Biden-Xi meeting eases superpower tensions, but competition remains

Biden-Xi meeting eases superpower tensions, but competition remains

After a year of heightened geopolitical stress, Wednesday’s meeting between US President Joe Biden and his Chinese counterpart Xi Jinping marked a constructive and welcome development for markets, though economic rivalry remains the underlying theme between the two superpowers.

At the meeting in San Francisco, Biden and Xi agreed to resume high-level military communications, which China cut last year after then-US House of Representatives Speaker Nancy Pelosi visited Taiwan. The communications agreement is a step to stabilising relations, which had deteriorated over the fate of Taiwan, Beijing’s expanding military, and trade ties – particularly US export controls on cutting-edge technology.

“We’re back to direct, open, clear communications,” said Biden after the meeting. Xi added that the door to talks between the two superpowers “cannot be closed gain.”

The restoration of high-level communications channel significantly reduces the risk of military miscalculation and outright confrontation over the Taiwan Strait. We expect the status quo to be maintained on Taiwan, but with easing tensions.
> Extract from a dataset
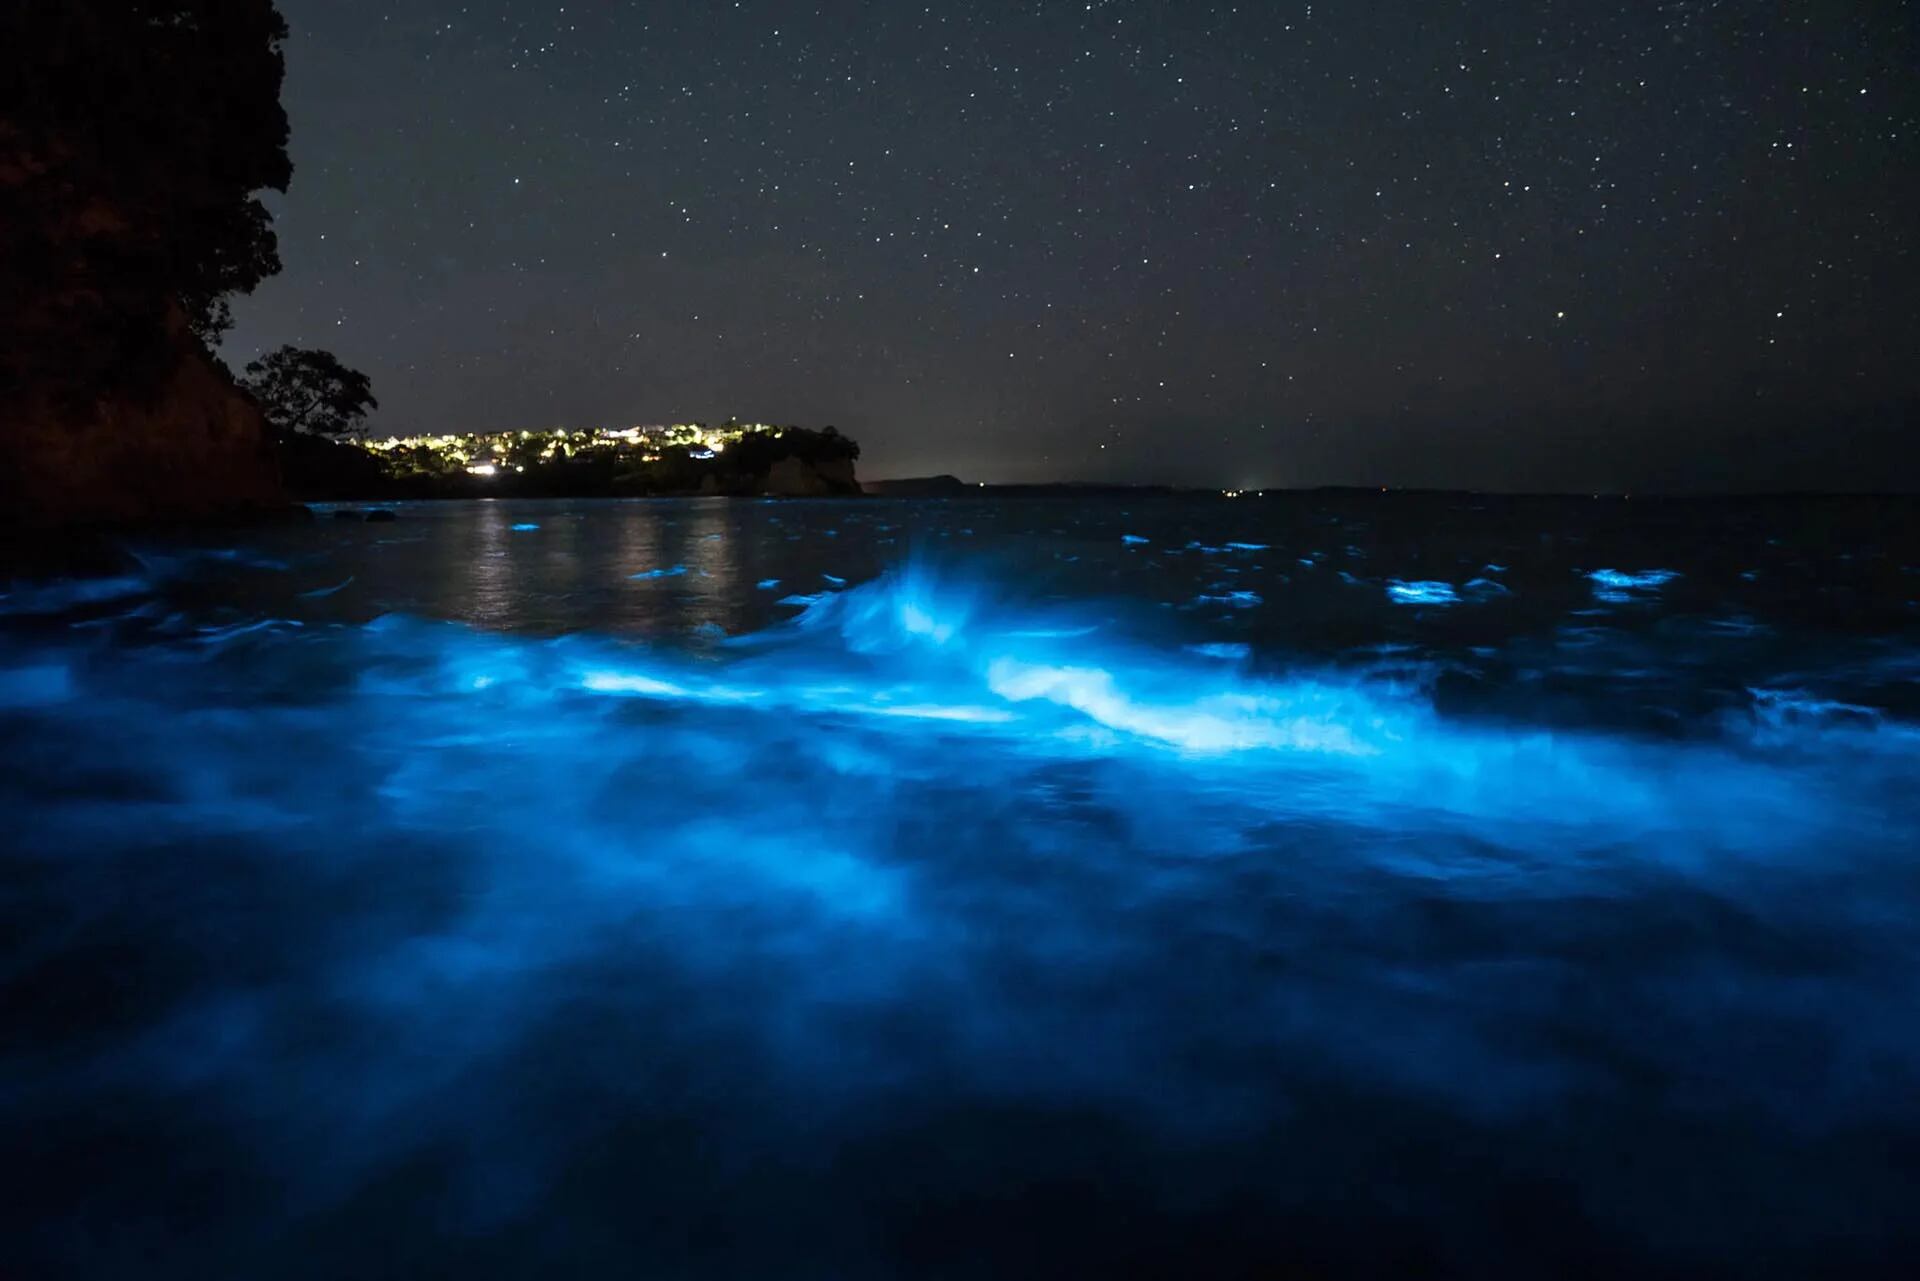 Ballenas bioluminiscentes en acción

The de-escalation may help to restore market confidence, as tensions between the superpowers have hurt sentiment about the recovery in China.

It was notable that at a function with business leaders after the summit, XI said Beijing is ready to be a “partner and friend” of the US. The US administration had sought to massage down expectations ahead of the summit, at which Biden and Xi held talks for four hours – only their second in-person meeting since the US president took office in 2021.
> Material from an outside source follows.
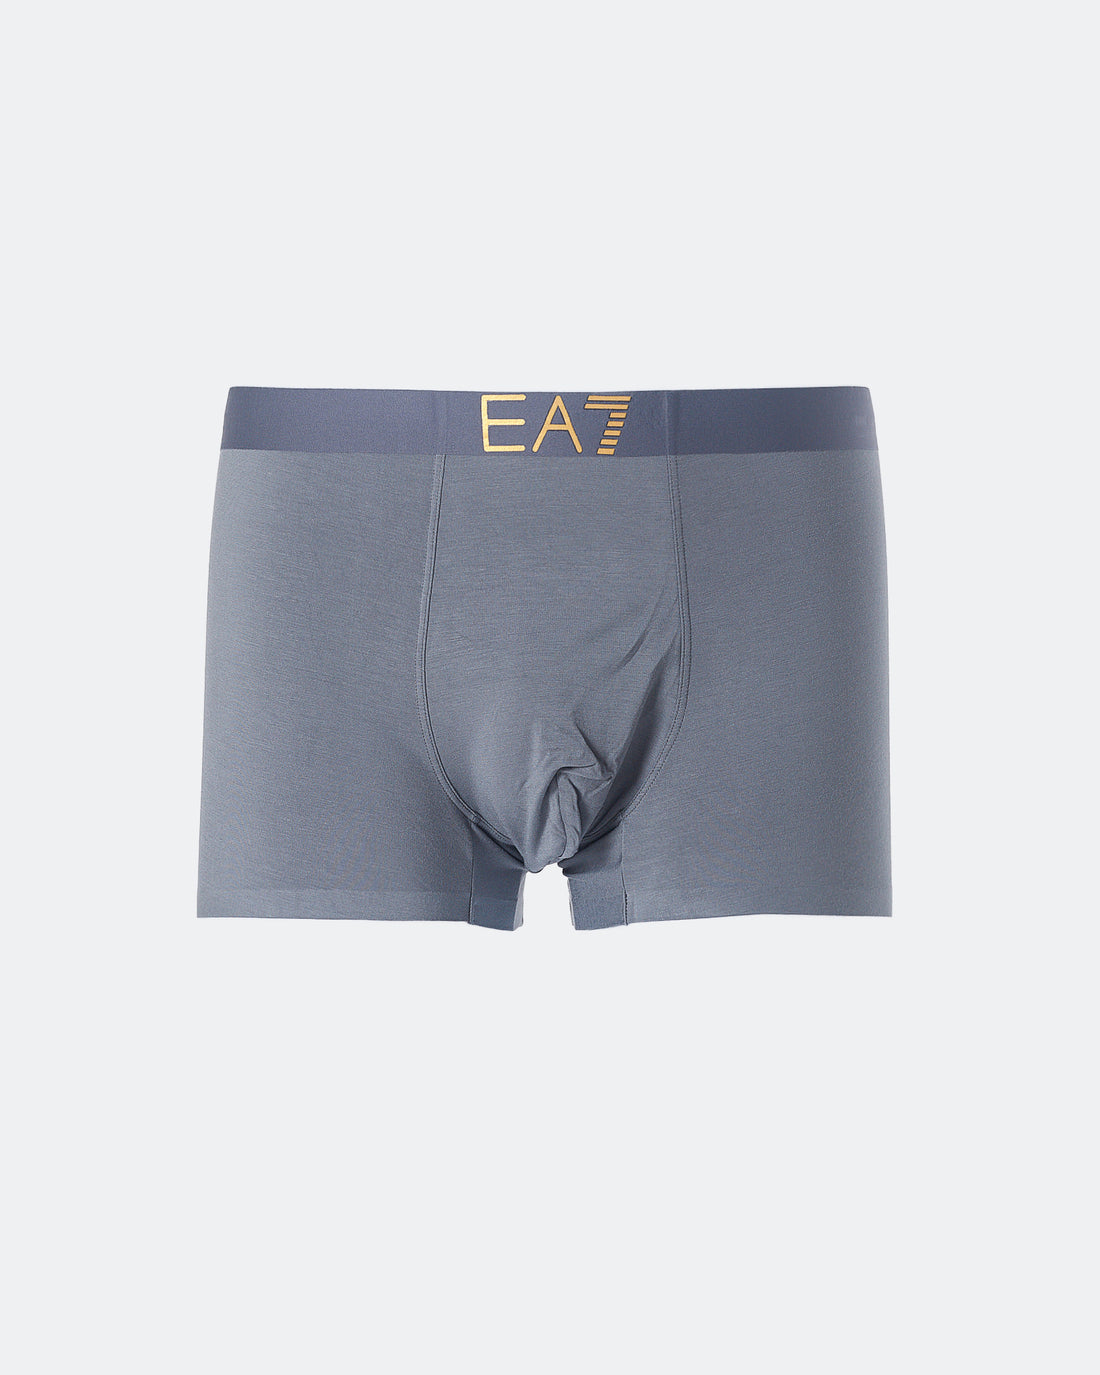 ARM EA7 Logo Printed Men Grey Underwear 7.50

Despite the warm words and re-opening of the military communications channel, competition and economic rivalry between the two countries will likely remain amid the technological containment imposed by the US. In particular, areas directly relevant to national security and advanced technology may see increasing restrictions.
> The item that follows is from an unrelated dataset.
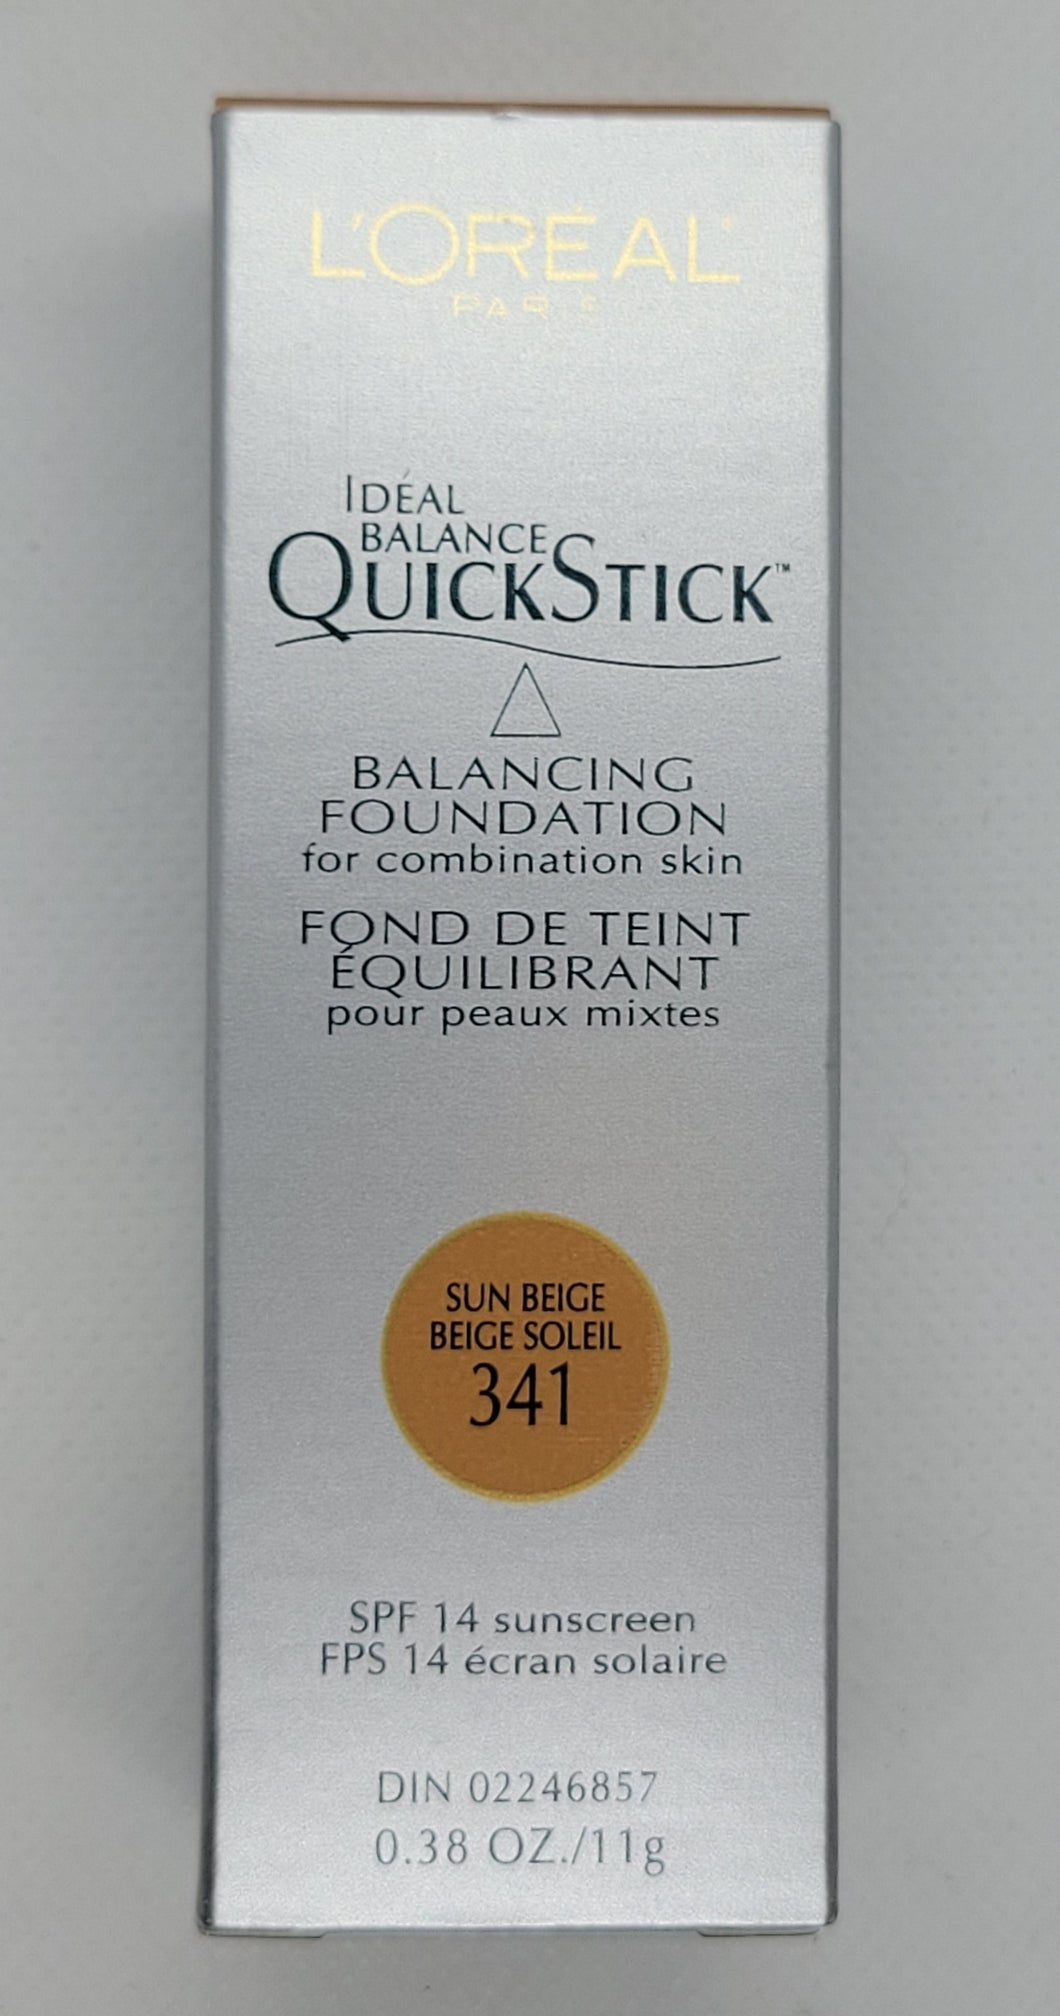 L'oreal Ideal Balance Quickstick Balancing Foundation Stick

Moreover, the trend for multinational firms to divert their marginal investment and supply chains away from China and towards the US or US-aligned countries will likely continue.

All in all, the Xi-Biden meeting signals a dial down in the confrontational rhetoric between the two countries, while trying to restore a sense of predictability. But the basic shape of the US-China relationship will not be altered, evidenced by the increasing competition on the economic and technological front.

The meeting took place against the backdrop of mixed economic pictures in both countries. China’s recovery is proving bumpy, while US economic resilience will be tested next year as the impact of interest rate rises filters through to consumers in an election year.